▶ _AIM OF THE TASK_: Please set down every entry again exactly as it stands, without the pictures.

(Records from a collection)
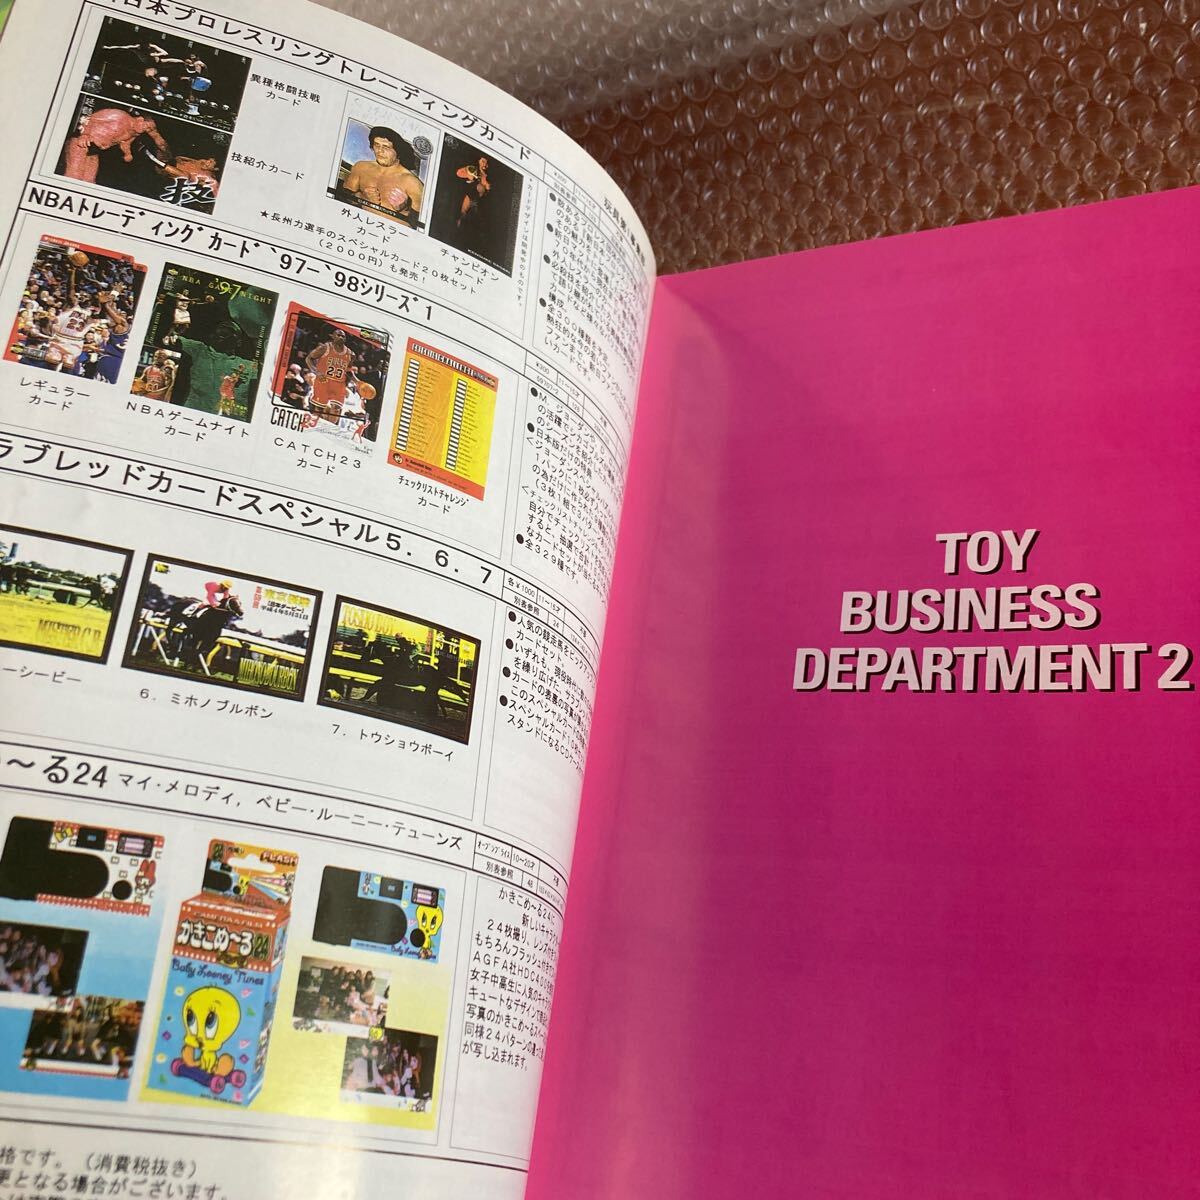  not for sale [ booklet ]1998 Tamagotchi digimon Crayon Shin-chan Ultraman trading card New Japan Professional Wrestling NBA Bandai catalog materials 
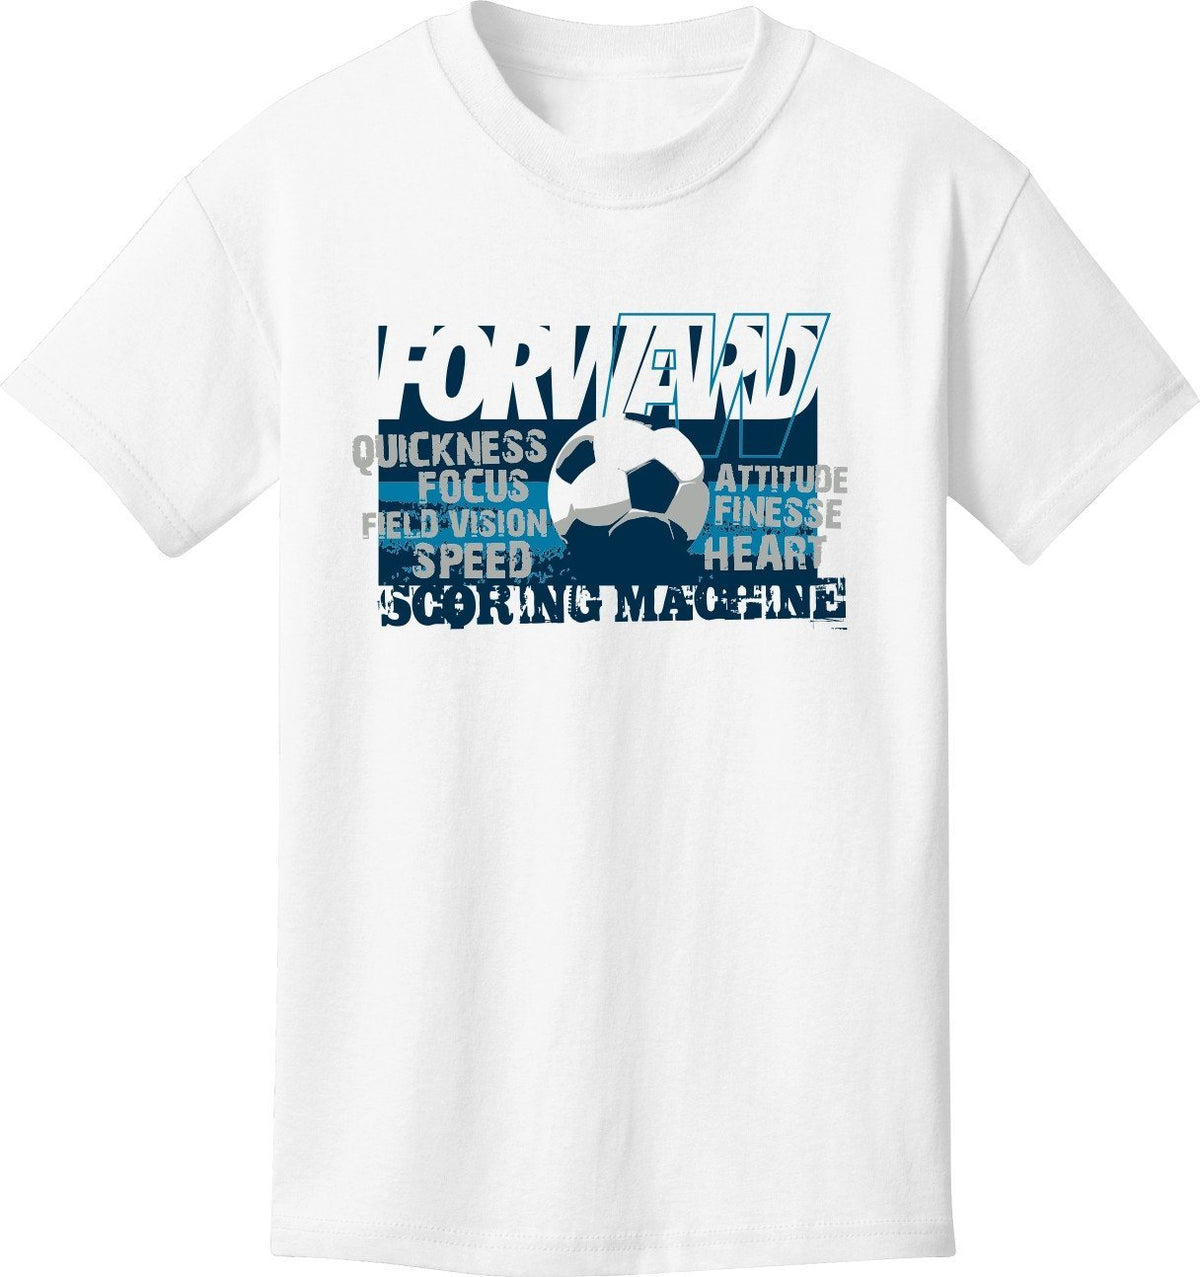 Utopia Forward Soccer Scoring Machine Short Sleeve Soccer T-Shirt Humorous Shirt Utopia Adult Small White 
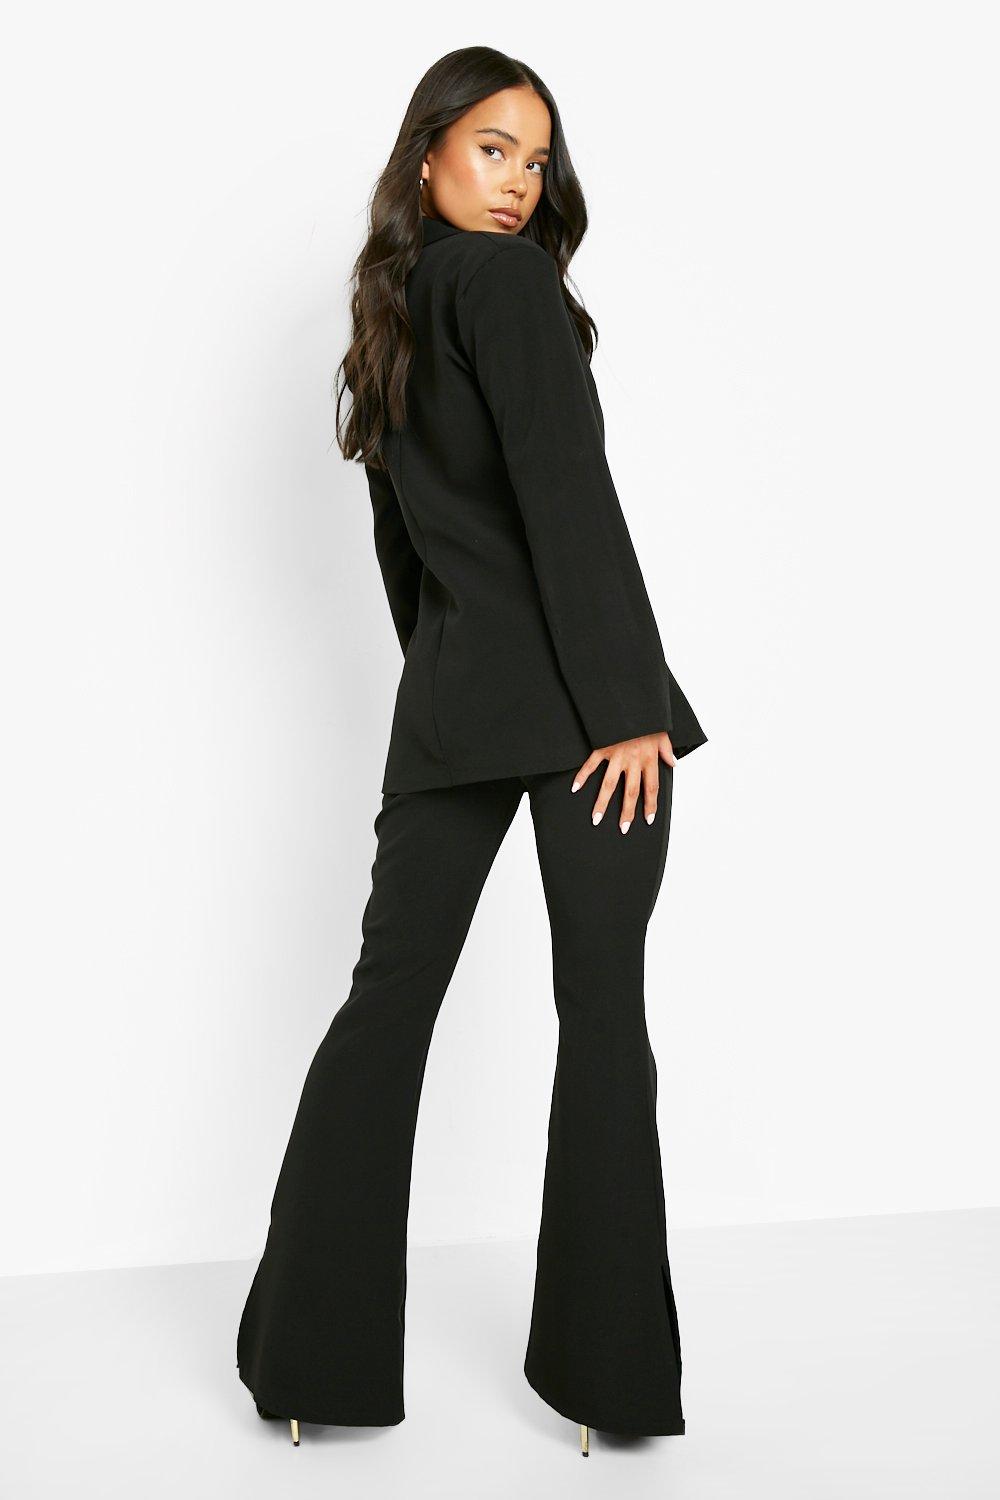 https://media.boohoo.com/i/boohoo/gzz11356_black_xl_1/female-black-petite-seam-side-split-flare-dress-pants
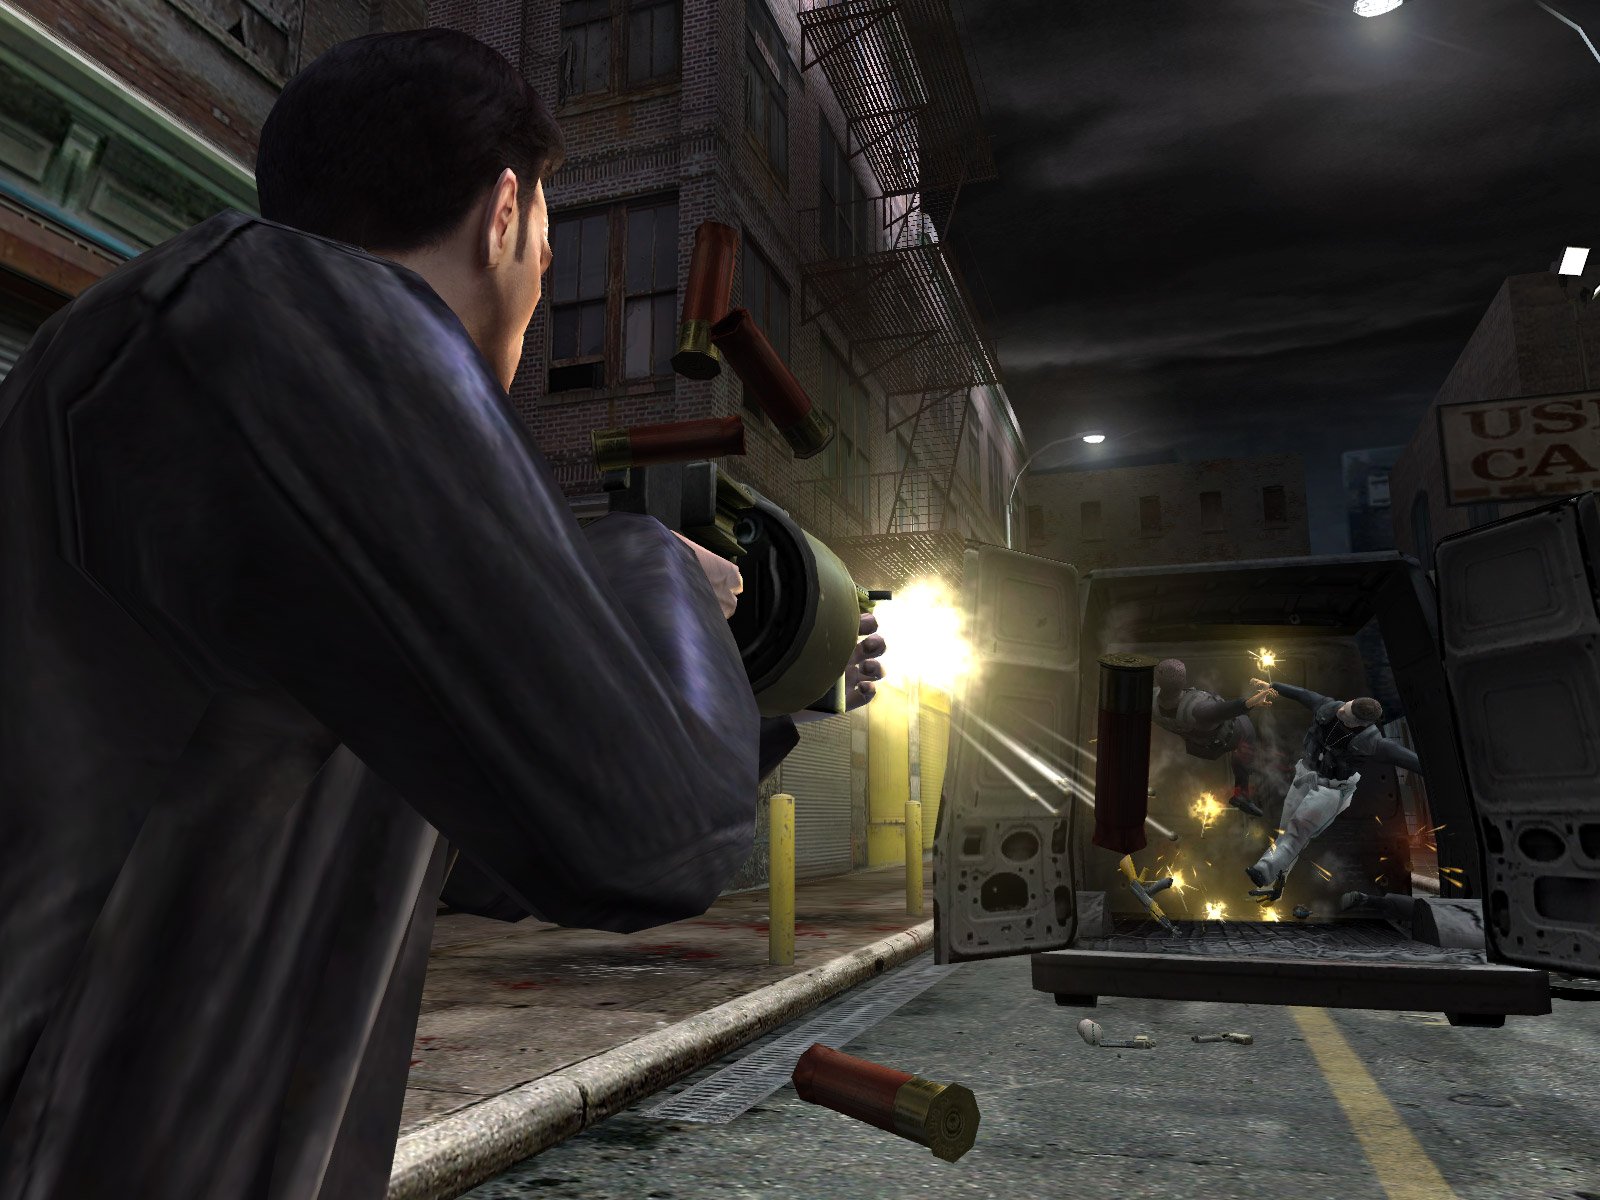 Second max. Max Payne 2. The Fall of Max Payne 2. Макс Пейн игра. Max Payne 2 e3 2003.
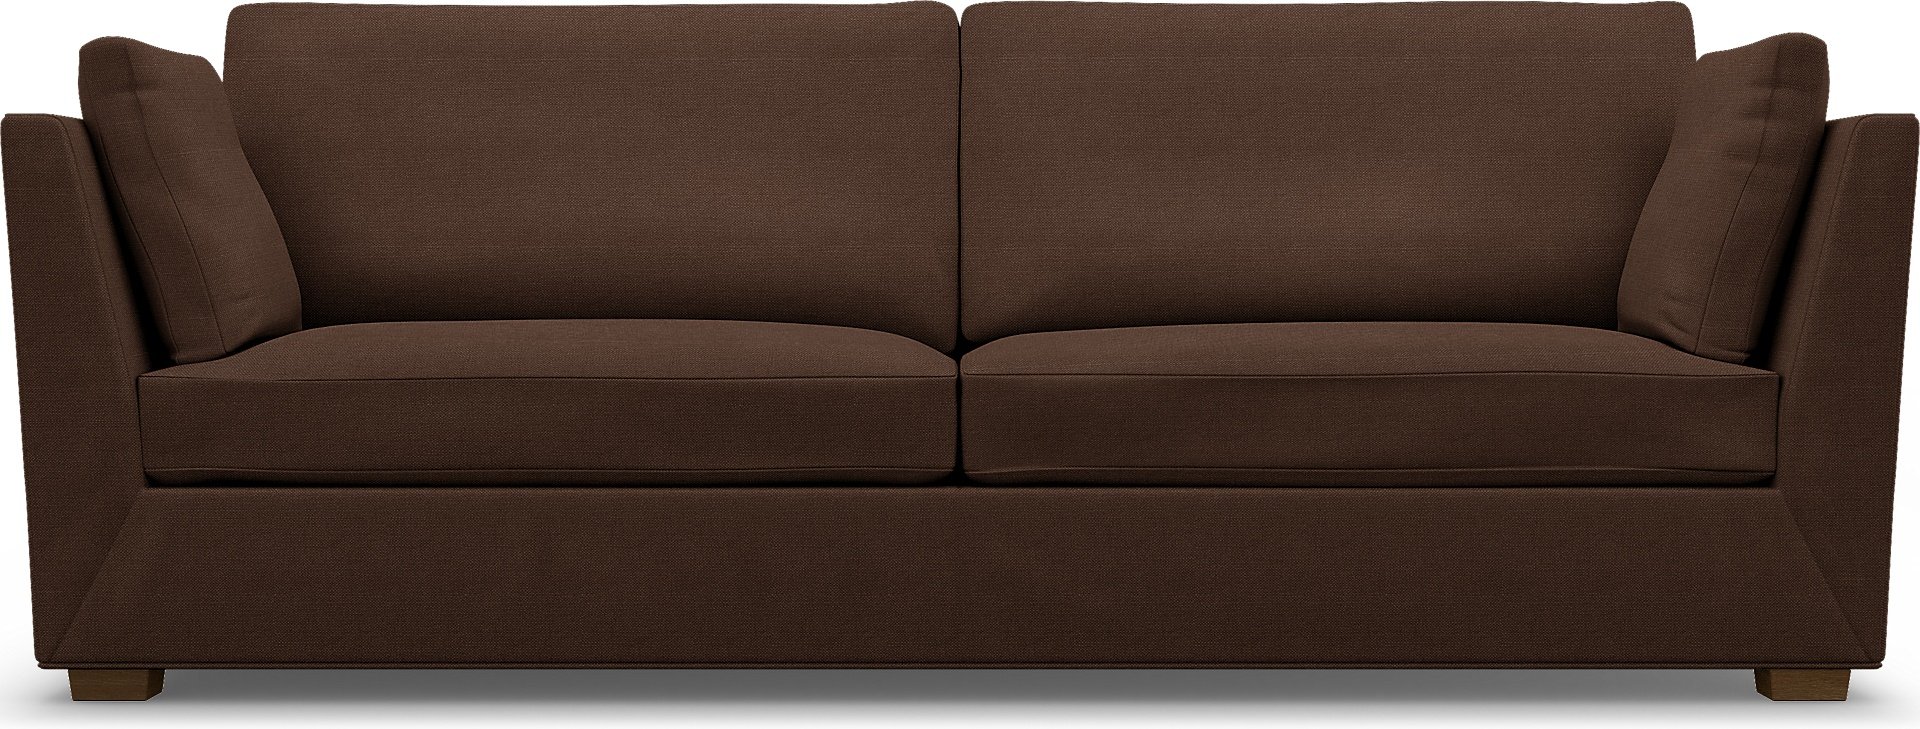 IKEA - Stockholm 3.5 Seater Sofa Cover, Chocolate, Linen - Bemz

▶ _REPLY TO THE TASK_:
  not for sale [ booklet ]1998 Tamagotchi digimon Crayon Shin-chan Ultraman trading card New Japan Professional Wrestling NBA Bandai catalog materials 
 Utopia Forward Soccer Scoring Machine Short Sleeve Soccer T-Shirt Humorous Shirt Utopia Adult Small White 
 https://media.boohoo.com/i/boohoo/gzz11356_black_xl_1/female-black-petite-seam-side-split-flare-dress-pants
 Second max. Max Payne 2. The Fall of Max Payne 2. Макс Пейн игра. Max Payne 2 e3 2003.
 IKEA - Stockholm 3.5 Seater Sofa Cover, Chocolate, Linen - Bemz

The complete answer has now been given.